Research Data Life Cycle

The phases of research data management range from project planning to archiving and post-use.

Research data management - that is, the handling of research data from its creation to its storage and subsequent use - can be vividly depicted as a research data cycle.

However, the individual phases of research data management generally do not proceed as sequentially as depicted in the research data cycle. The exemplary representation of a project in a Gantt chart shows the partial overlapping of the phases.

Picture to Research Data Life Cycle — Research Data Life Cycle

Plan & Fund: Research data management begins with systematic planning: What data are needed, collected, processed and stored? Project funders usually require structured data management as early as the application stage. At the same time, funds for research data management can be applied for. For this purpose, so-called data management plans (DMPs) have become established in research data management. Tools such as RDMO and the DMPTool support the creation of DMPs for funders and project management.

Collect & Analyze: The generation and collection of data, e.g. with sensors or simulations on high-performance computers, is essentially the responsibility of the researchers, as is the analysis, e.g. by algorithms & software. In this process, it is also important to collect the necessary metadata to describe the research data, this includes scientific, administrative, as well as information technology metadata. A tool that supports researchers in the collection and analysis is the electronic laboratory notebook (ELN).

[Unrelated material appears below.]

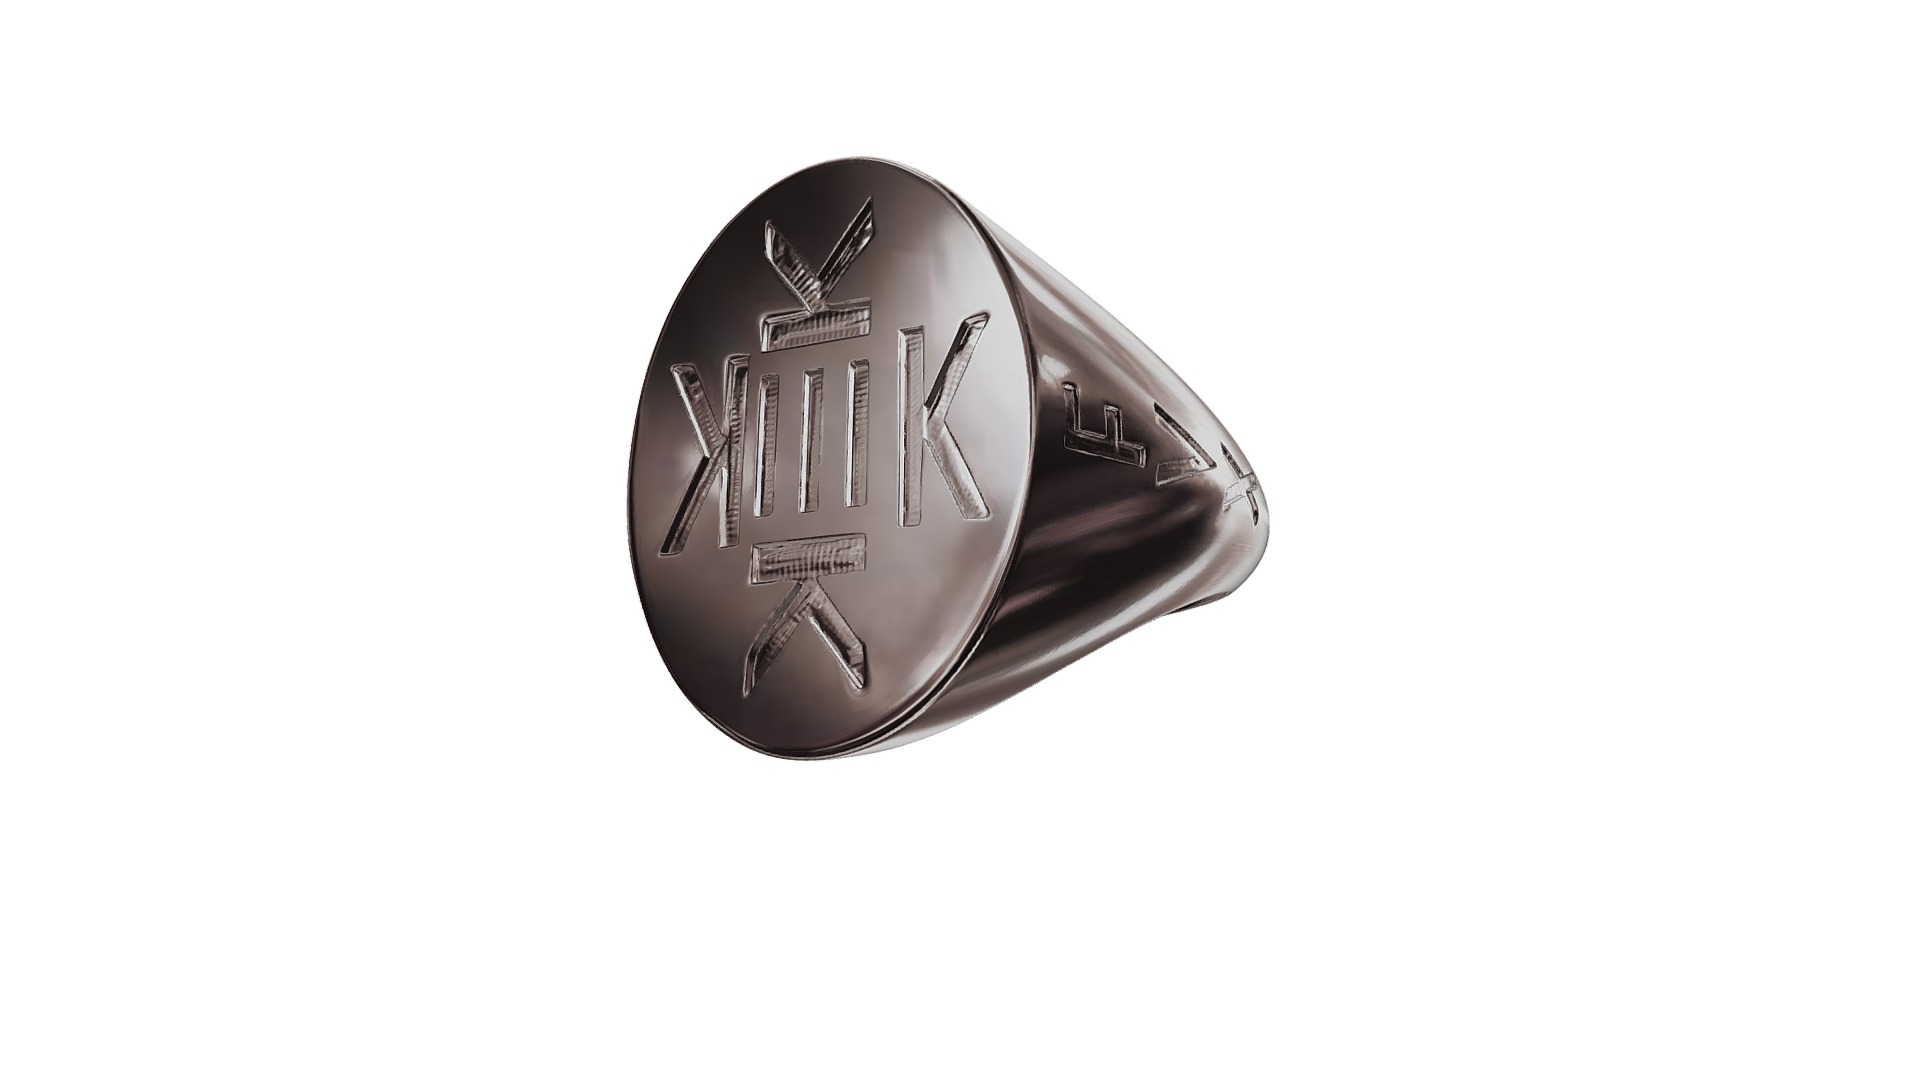 3D model Kekistan ring FVX edition - This is a 3D model of the Kekistan ring FVX edition. The 3D model is about logo.
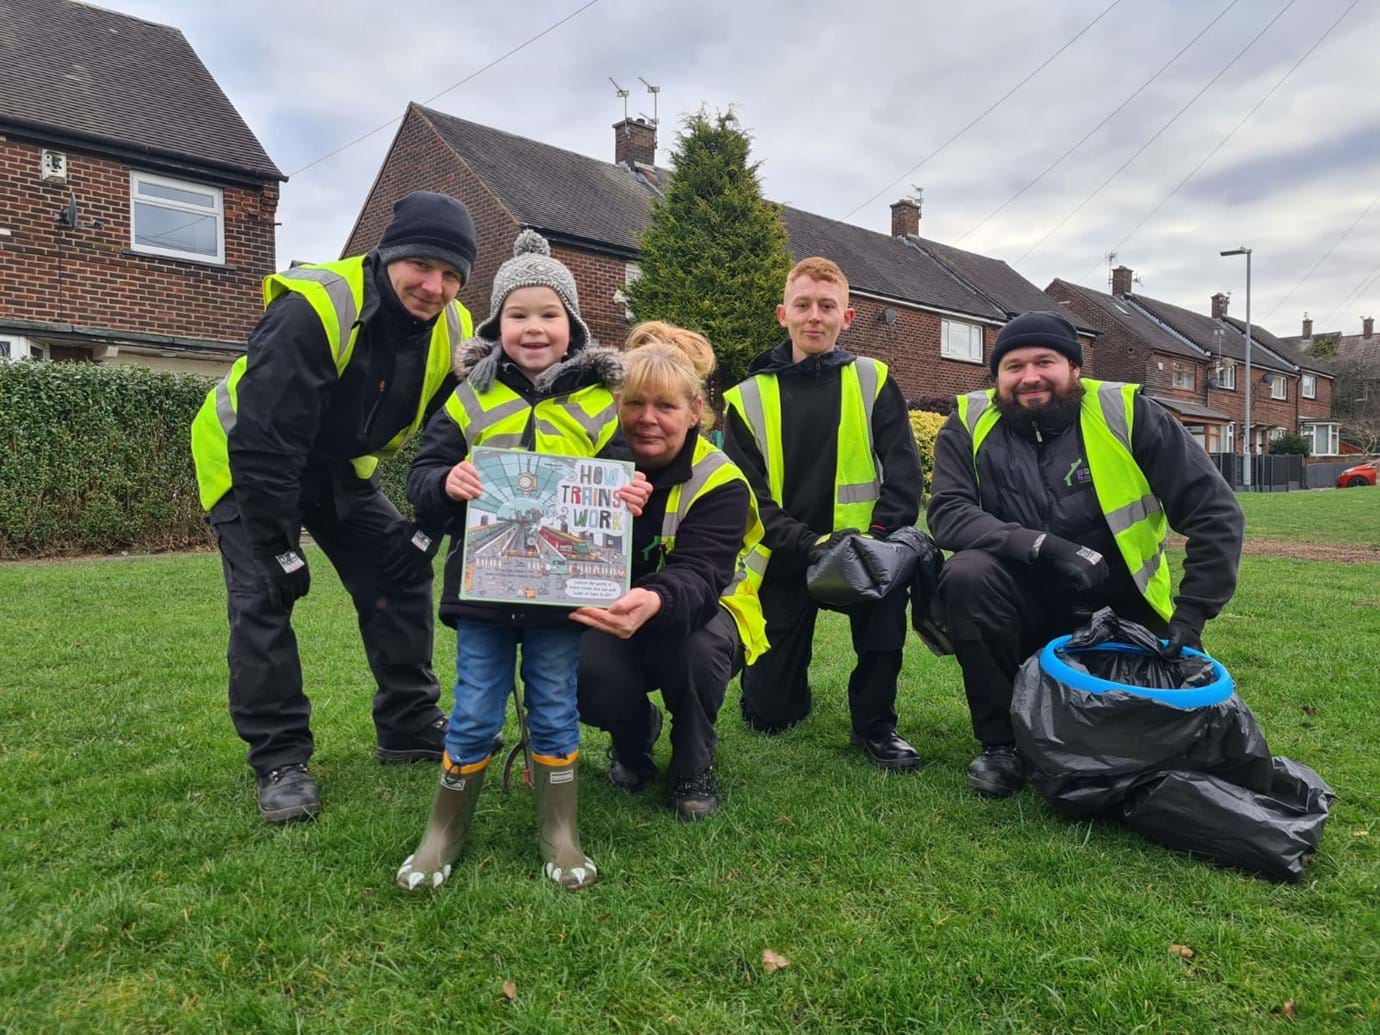 Here’s superstar, Thomas Stewart, being presented with a special prize by our Neighbourhood Care team for all his hard work litter picking in South Chadderton.

Preserve & Store: Research data should be stored in an appropriate repository, ideally subject-specific or institutional repositories. If possible, research data should be stored together with good documentation to enable subsequent use, especially by third parties. An important criterion for the storage infrastructure is the possibility of long-term archiving, e.g. via tape storage.

Publish & Share: Access conditions must be defined for the further use of the data, i.e. access and usage rights, which may also include the granting of patents and licenses. In order to uniquely identify and reference the files generated, it makes sense to assign persistent identifiers (PIDs). For the widest possible dissemination, existing networks and specialist communities should be integrated via an already existing and possibly certified infrastructure.

Discover & Reuse: Good research data management enables other researchers to search for and reuse the results. These do not have to generate the data again at great expense, but can build on the current state of knowledge. To find data, there are both individual repositories and aggregating services such as re3data or DataCite. Here, too, researchers must observe the legal framework and good scientific practice.